Review Summary: Hugely enjoyable sophomore album from one of the progenitors of classic pop-punk
Although The Ramones had flirted with the idea of pop accessibility on their second album Leave Home
, and an up and coming band called The Undertones were about to sing about their teenage kicks, one of the first concentrated efforts to meld punk and pop together came in the form of Love Bites
, the second effort from this Mancunian band. It’s got the raw production and angst-fuelled teenage vocals that characterized so much classic punk, but Pete Shelley’s uncanny knack of producing wave after wave of catchy hooks give it a more accessible appeal, the pace being kept firmly under control by the tight rhythm section and frenetic drumming that prevails, while the indefatigable thrust and drive propels you through track after track of relentless riffage.
The first side of this album is a near-flawless barrage of gritty guitars that crunch their way through verses and chime on the choruses. The rather obvious highpoint of all this is the standard, ‘Ever Fallen In Love’
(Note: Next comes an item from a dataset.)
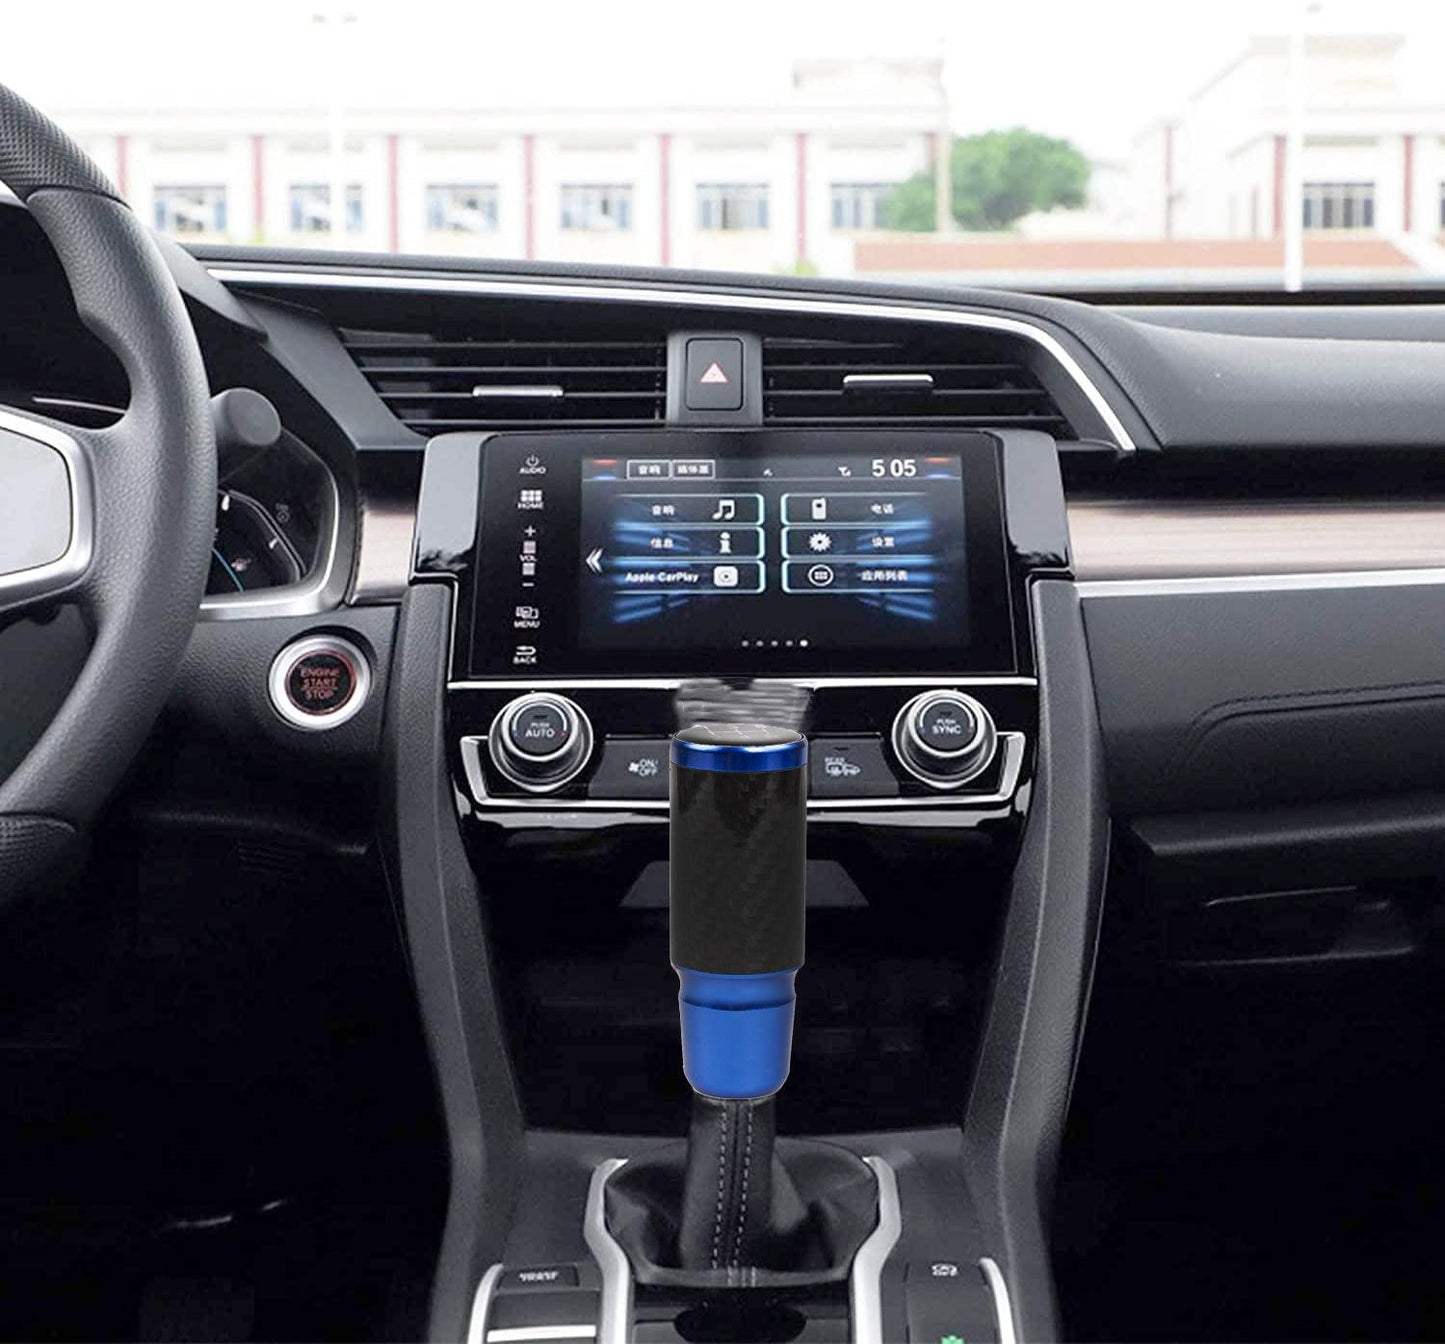 RASTP Universal Carbon Fiber Auto Manual Gear Stick Lever Car Shift Knob 5 Speed with 3 Adapters - RASTP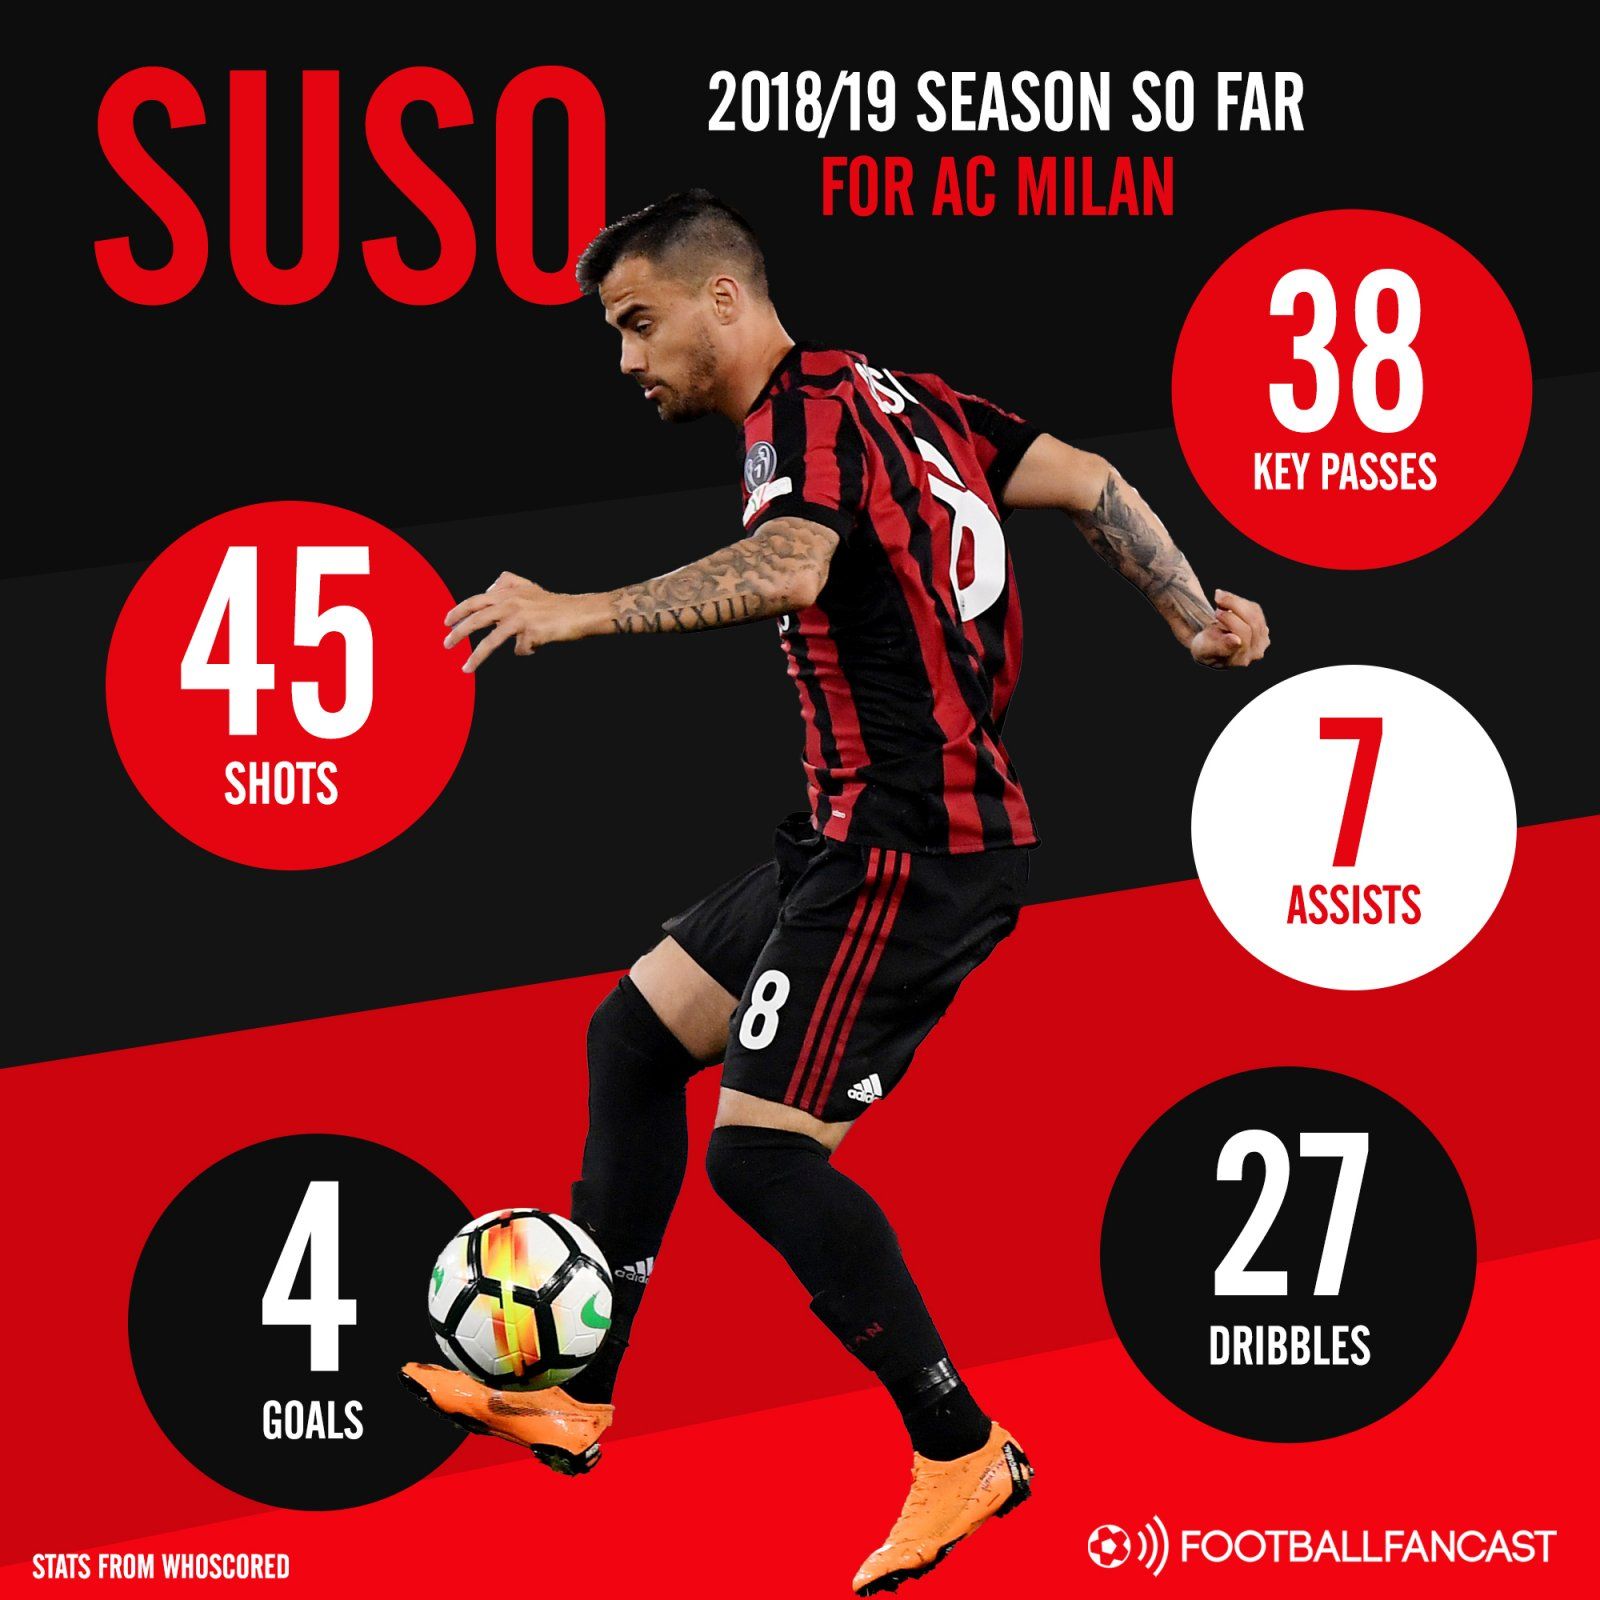 Suso season stats for AC Milan

, pop-punks’ colours well and truly nailed to the mast. But others, such as the bouncy ‘Just Lust‘
(the rhythm won’t leave your head for a long time) and the sprightly teenage anthem ‘Sixteen Again‘
stand up well in the face of such mighty competition, while chaotic minor-keys abound in ’Nostalgia’
and add a touch of menace. Lyrics about teenage doe-eyed obsessions are perfectly adequate, functional rather than Dylan-esque; that is, except when Shelley attempts the occasional horrible machinery metaphor:
Tells me what to do
When emotions blow a fuse
That aside, what truly stops this being a classic is the decidedly hit-and-miss second side. The energy doesn’t let up until the dire ‘Love Is Lies‘
, Steve Diggle taking vocals on this ill-fitting acoustic number that tries to be sentimental. The album never recovers properly from this stumble; the riffs that are left are milked for all they’re worth (’E.S.P.’)
, while the ending instrumental, despite a fake fade-out followed by a dramatic crashing return, is head-crushingly repetitive.
Thankfully, this 2001 reissue features four bonus tracks; singles and b-sides from before and after that follow the same short, sharp and snappy stylings of the first side. ‘Love You More‘
is surely one of the shortest A-sides ever, clocking in at a meagre 1:48. Simplistic as you like, choral ahh-ohhhs serve as the main hook, a practice repeated in ‘Promises‘
, their best single after the iconic ’Ever Fallen In Love’
. The stop-start nature of ‘Noise Annoys’
unfortunately means that the song more than lives up to its name, but b-side ’Lipstick’
finishes it all off nicely enough, with a return to those clear ringing guitar licks.
Perhaps the Buzzcocks come across more comfortably as a singles band; yet, Love Bites
is mostly a solid (if slightly shallow) effort, and it would be a shame for the many obscure gems on here to remain hidden. Anyone into honest classic punk should lap this up.